**REQUIRED ACTION**
Word for word, restate the data that follows, omitting the images.

Collected data
________________

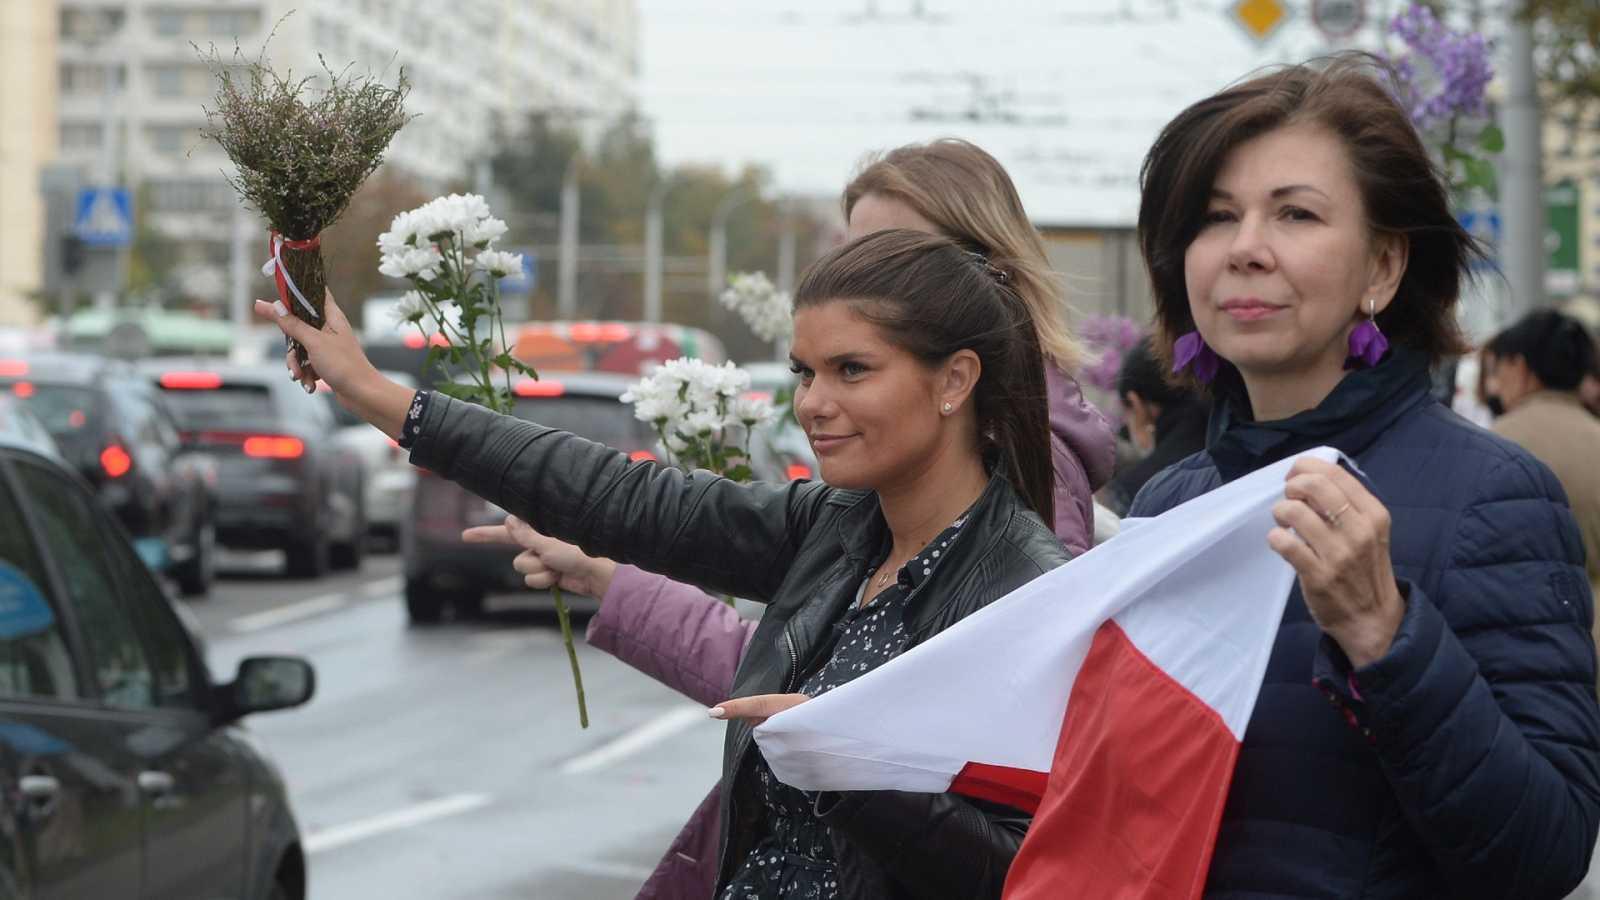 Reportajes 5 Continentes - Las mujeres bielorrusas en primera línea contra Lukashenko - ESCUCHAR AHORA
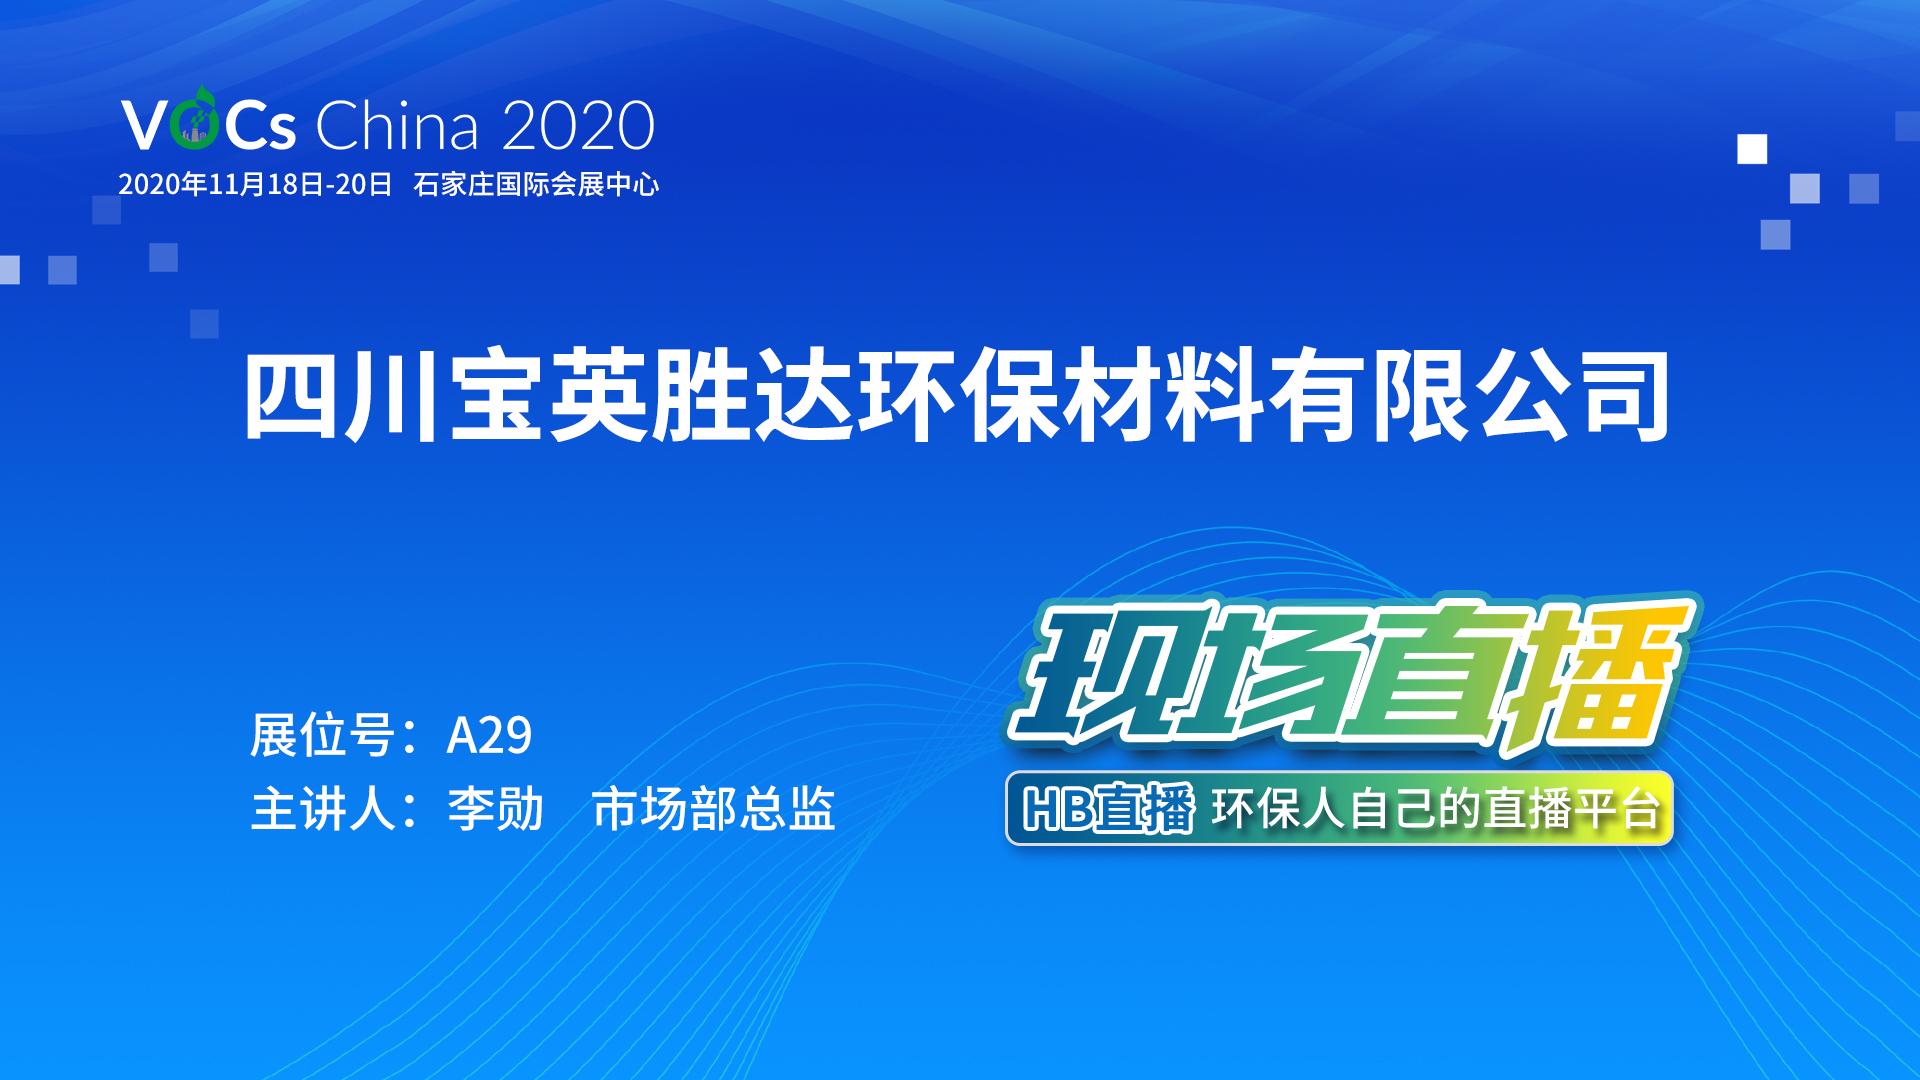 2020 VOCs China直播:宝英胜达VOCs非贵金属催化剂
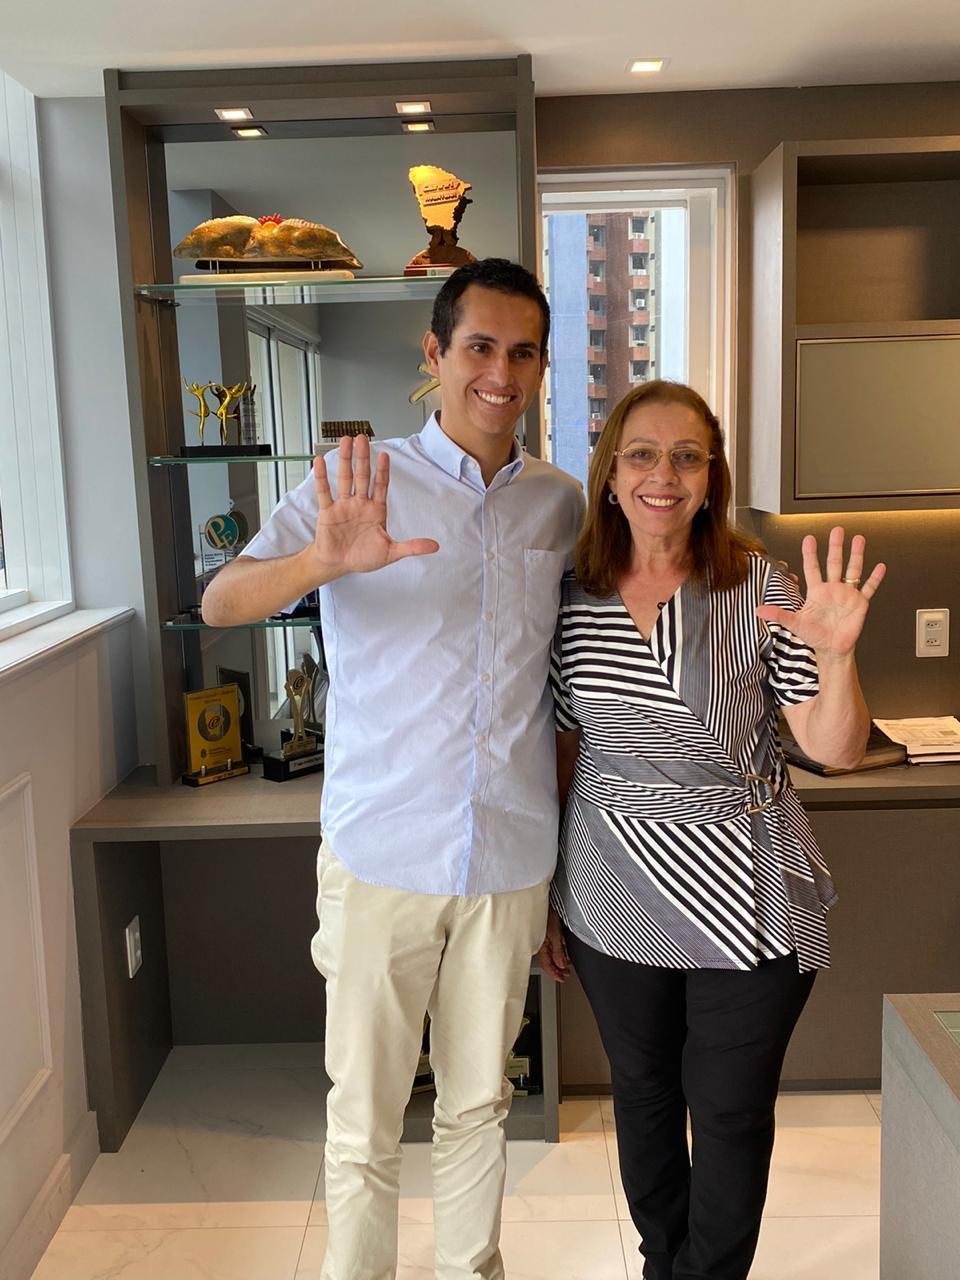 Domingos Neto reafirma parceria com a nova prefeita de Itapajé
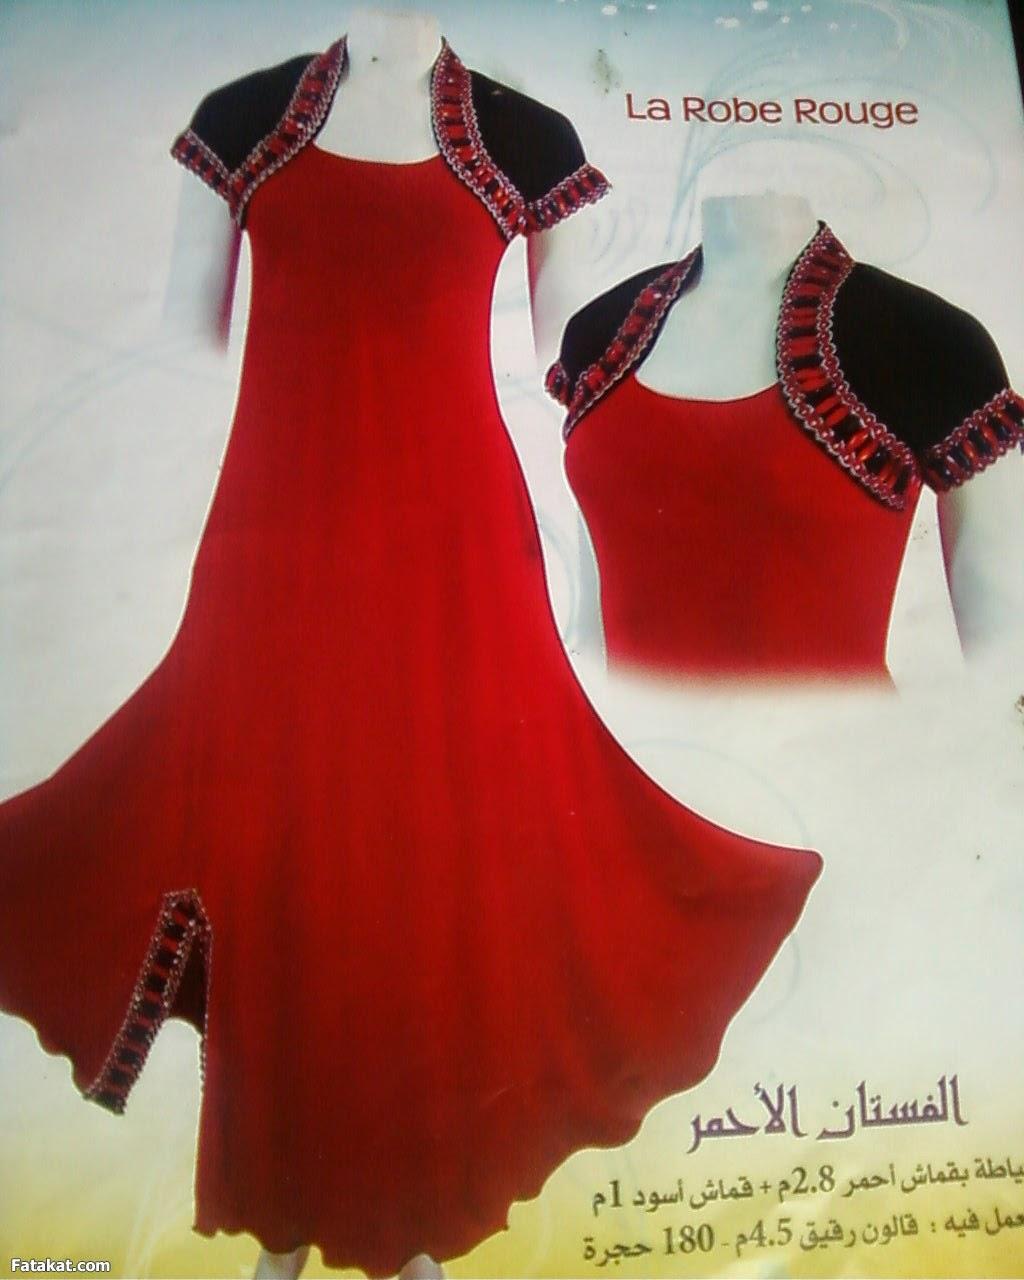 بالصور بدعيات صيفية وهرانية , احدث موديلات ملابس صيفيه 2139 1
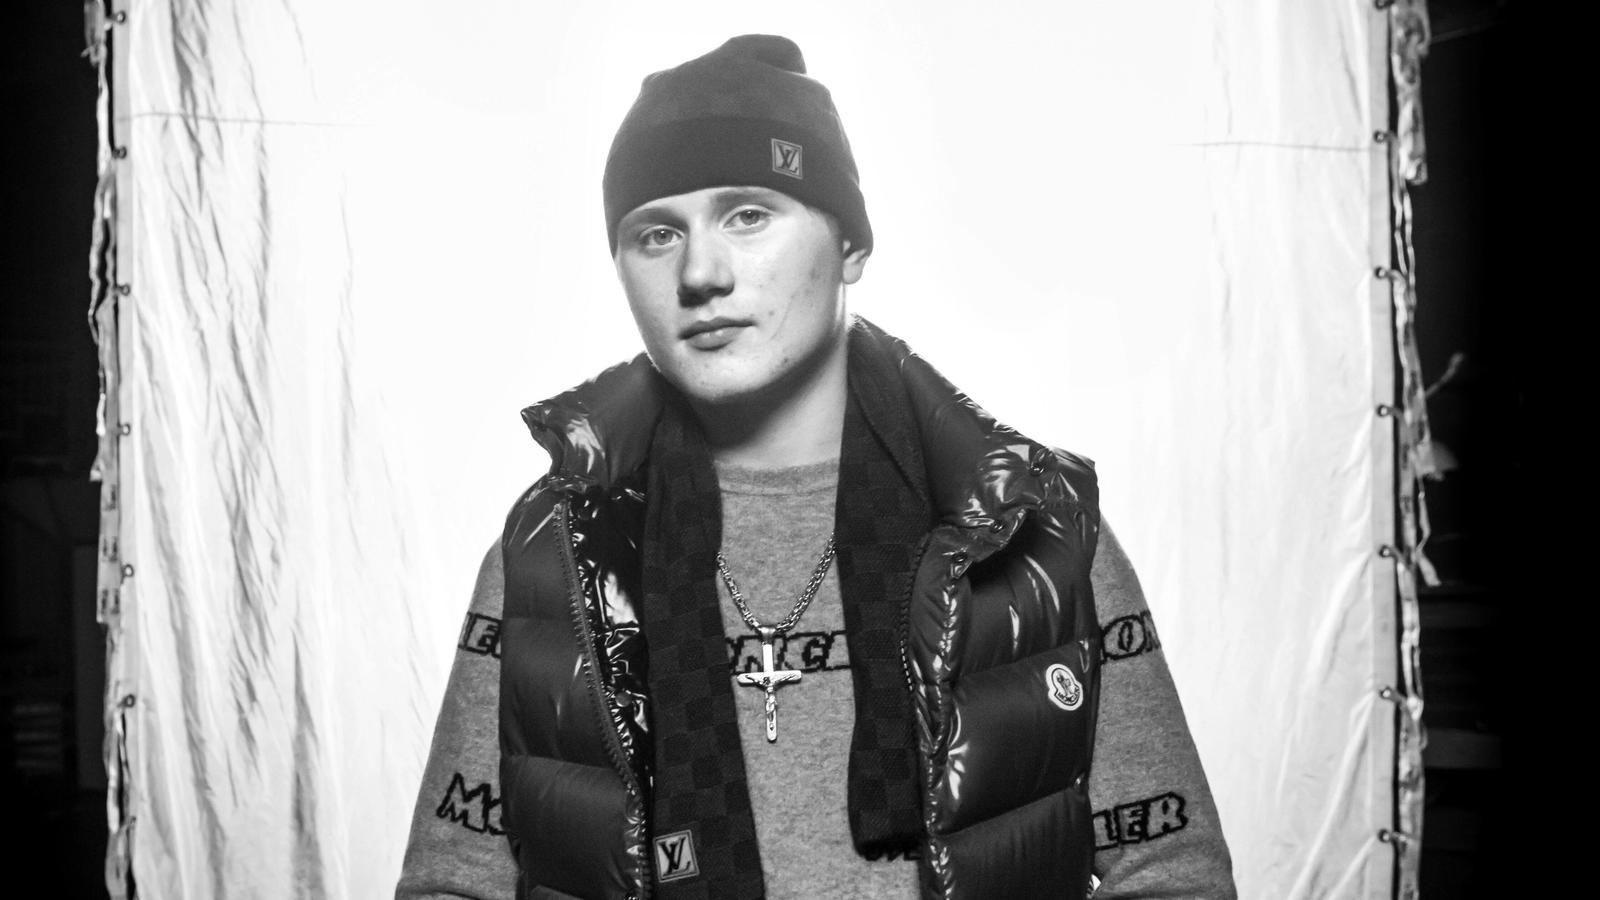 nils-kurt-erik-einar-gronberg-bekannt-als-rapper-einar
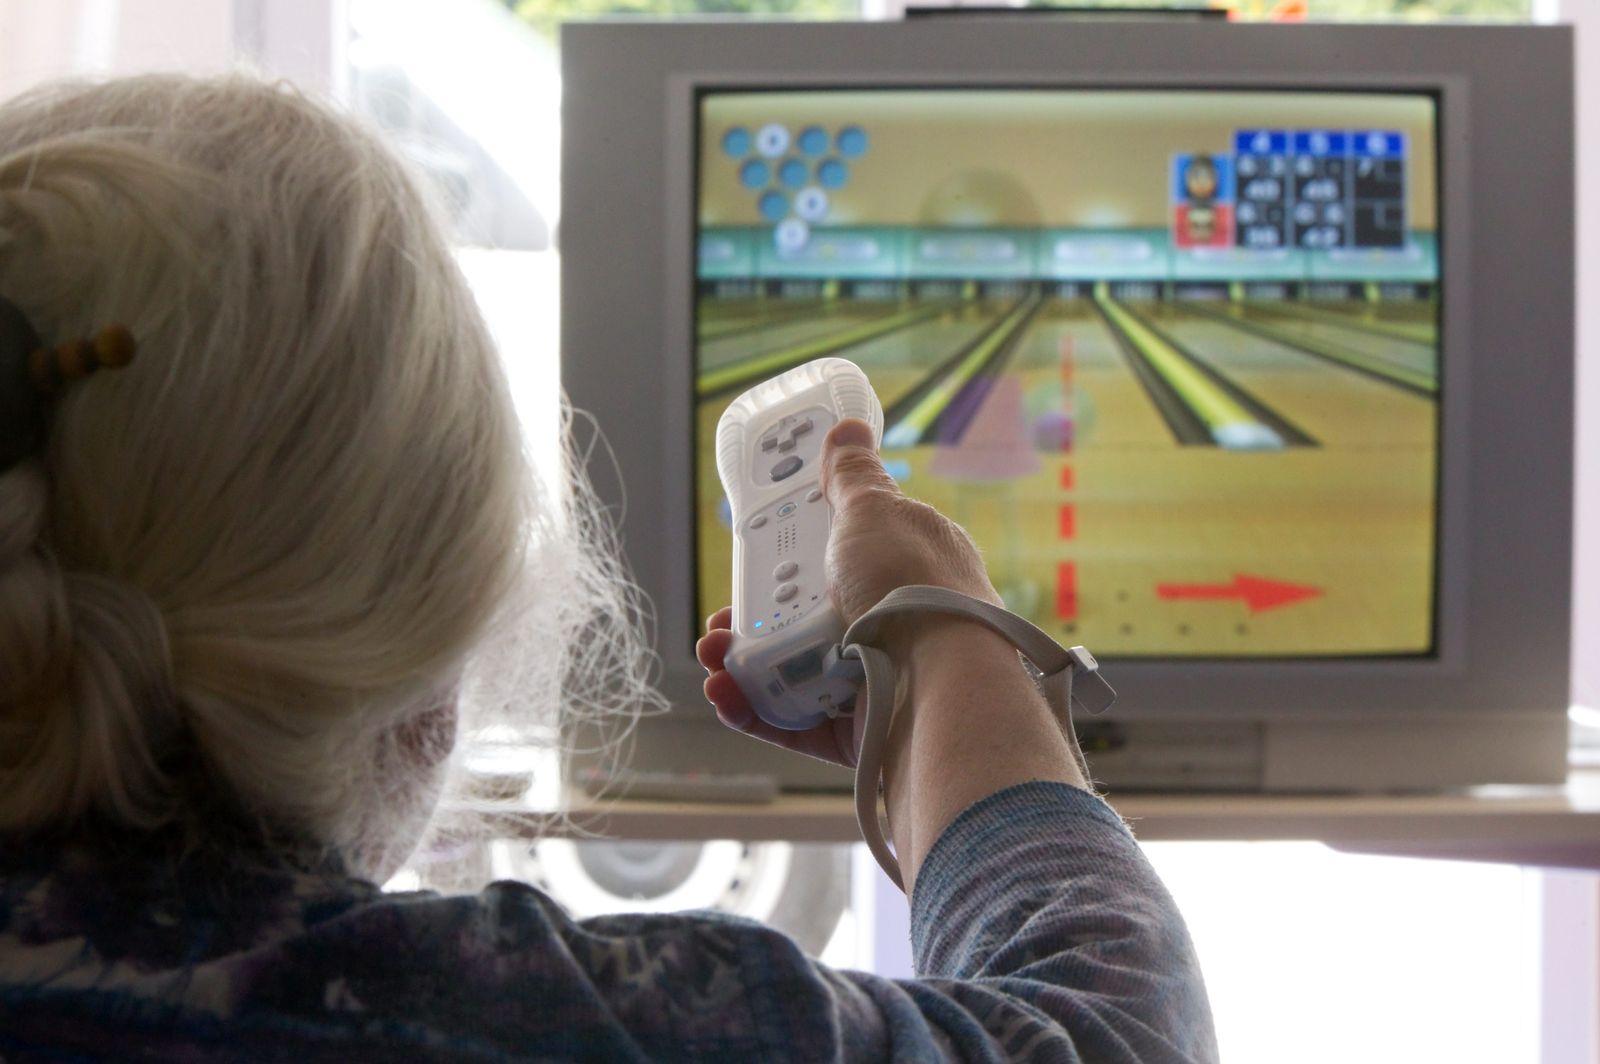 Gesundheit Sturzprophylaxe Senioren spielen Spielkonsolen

________________

**EXERCISE SOLUTION**
 Reportajes 5 Continentes - Las mujeres bielorrusas en primera línea contra Lukashenko - ESCUCHAR AHORA
 2020 VOCs China直播:宝英胜达VOCs非贵金属催化剂
 Domingos Neto reafirma parceria com a nova prefeita de Itapajé
 بالصور بدعيات صيفية وهرانية , احدث موديلات ملابس صيفيه 2139 1
 nils-kurt-erik-einar-gronberg-bekannt-als-rapper-einar
 Gesundheit Sturzprophylaxe Senioren spielen Spielkonsolen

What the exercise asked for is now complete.